Drama | Belgien/Luxemburg/Frankreich 2012 | 105 Minuten

Regie: Frédéric Fonteyne

Ein Gefängniswärter lernt bei einem Tango-Kurs eine attraktive Krankenschwester kennen. Kurz darauf sieht er sie im Besuchsraum der Haftanstalt wieder, wo sie nicht nur ihren Ehemann, sondern auch ihren Geliebten besucht. Es entspinnt sich ein Wechselspiel aus Liebe und Eifersucht, wobei dem Tango eine große Bedeutung zukommt. Vielschichtige Mischung aus Tanz- und Gefängnisfilm, die geschickt mehrere Motive und Erzählfäden zu einer märchenhaften Utopie verknüpft und den Tango als Ausdruck von körperlicher Nähe und leidenschaftlichem Verlangen beschreibt.

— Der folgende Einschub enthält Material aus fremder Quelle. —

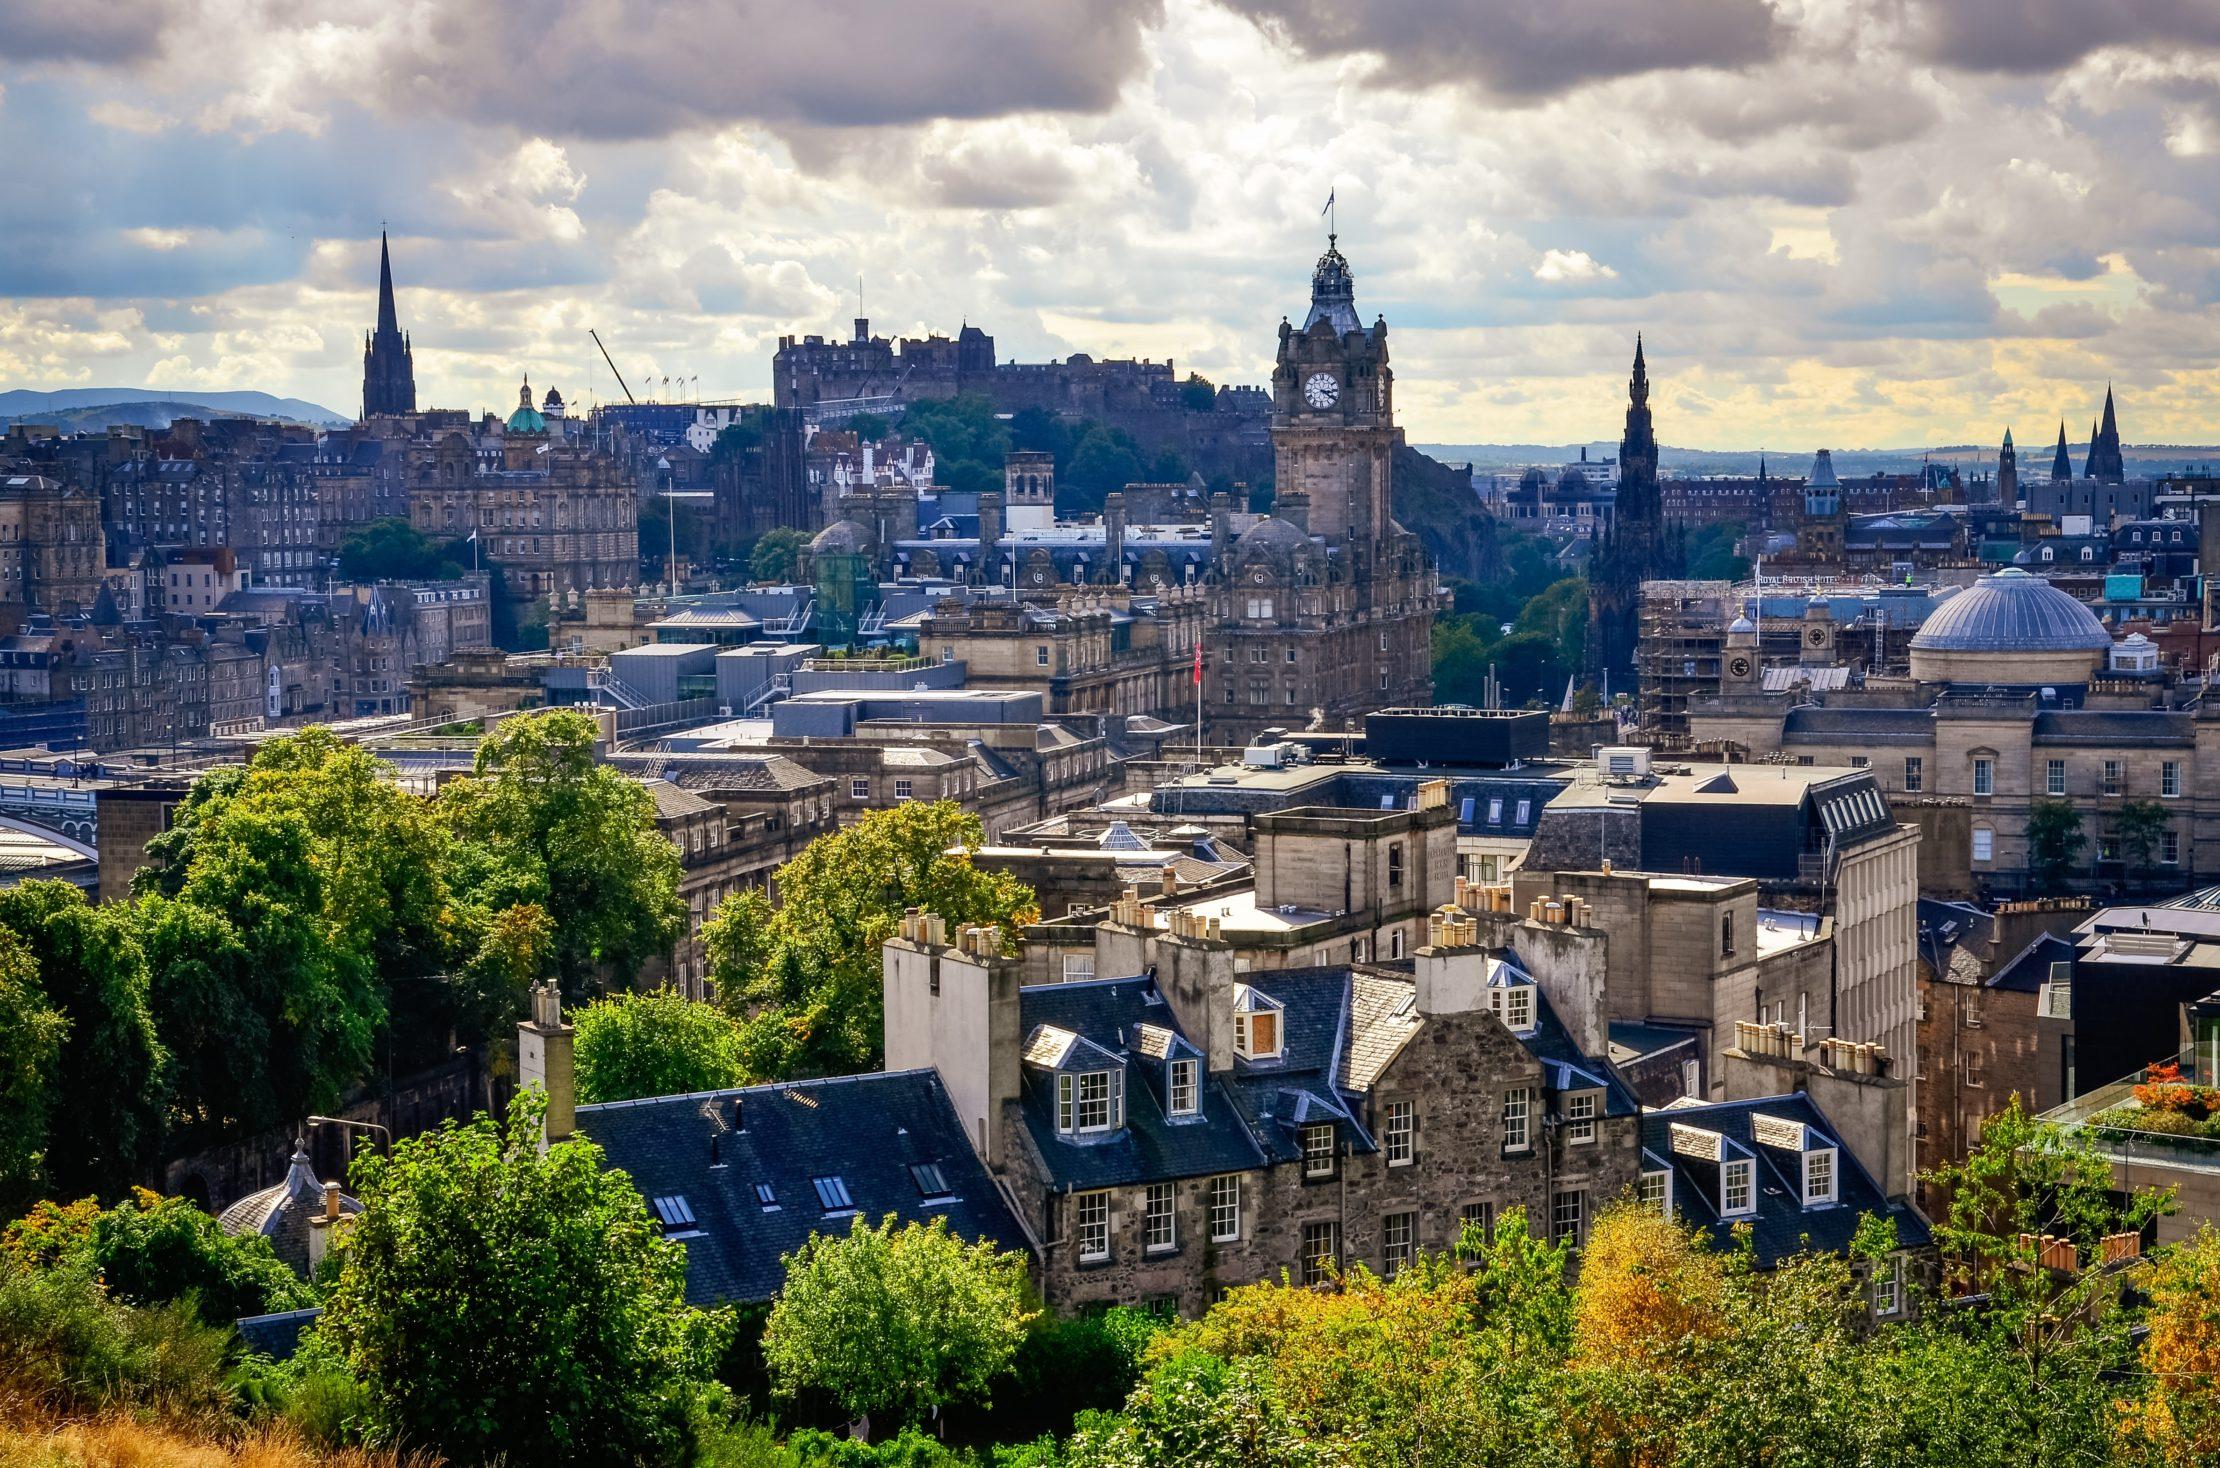 Viajar a Edimburgo y Motivos para visitar Edimburgo

Alle Charaktere werden dabei präzise über Blicke und Gesten umschrieben. - Sehenswert ab 14.

Filmdaten

Originaltitel
TANGO LIBRE
Produktionsland
Belgien/Luxemburg/Frankreich
Produktionsjahr
2012
Regie
Frédéric Fonteyne
Buch
Philippe Blasband · Anne Paulicevich
Kamera
Virginie Saint-Martin
Schnitt
Ewin Ryckaert
Darsteller
François Damiens (JC) · Sergi López (Fernand) · Jan Hammenecker (Dominic) · Anne Paulicevich (Alice) · Zacherie Chasseriaud (Antonio)
Länge
105 Minuten
Kinostart
13.06.2013
Fsk
ab 12; f
Pädagogisches Urteil
- Sehenswert ab 14.
Genre
Drama | Gefängnisfilm | Tanzfilm

Heimkino

Verleih DVD
Movienet (16:9, 1.78:1, DD5.1 frz./dt.)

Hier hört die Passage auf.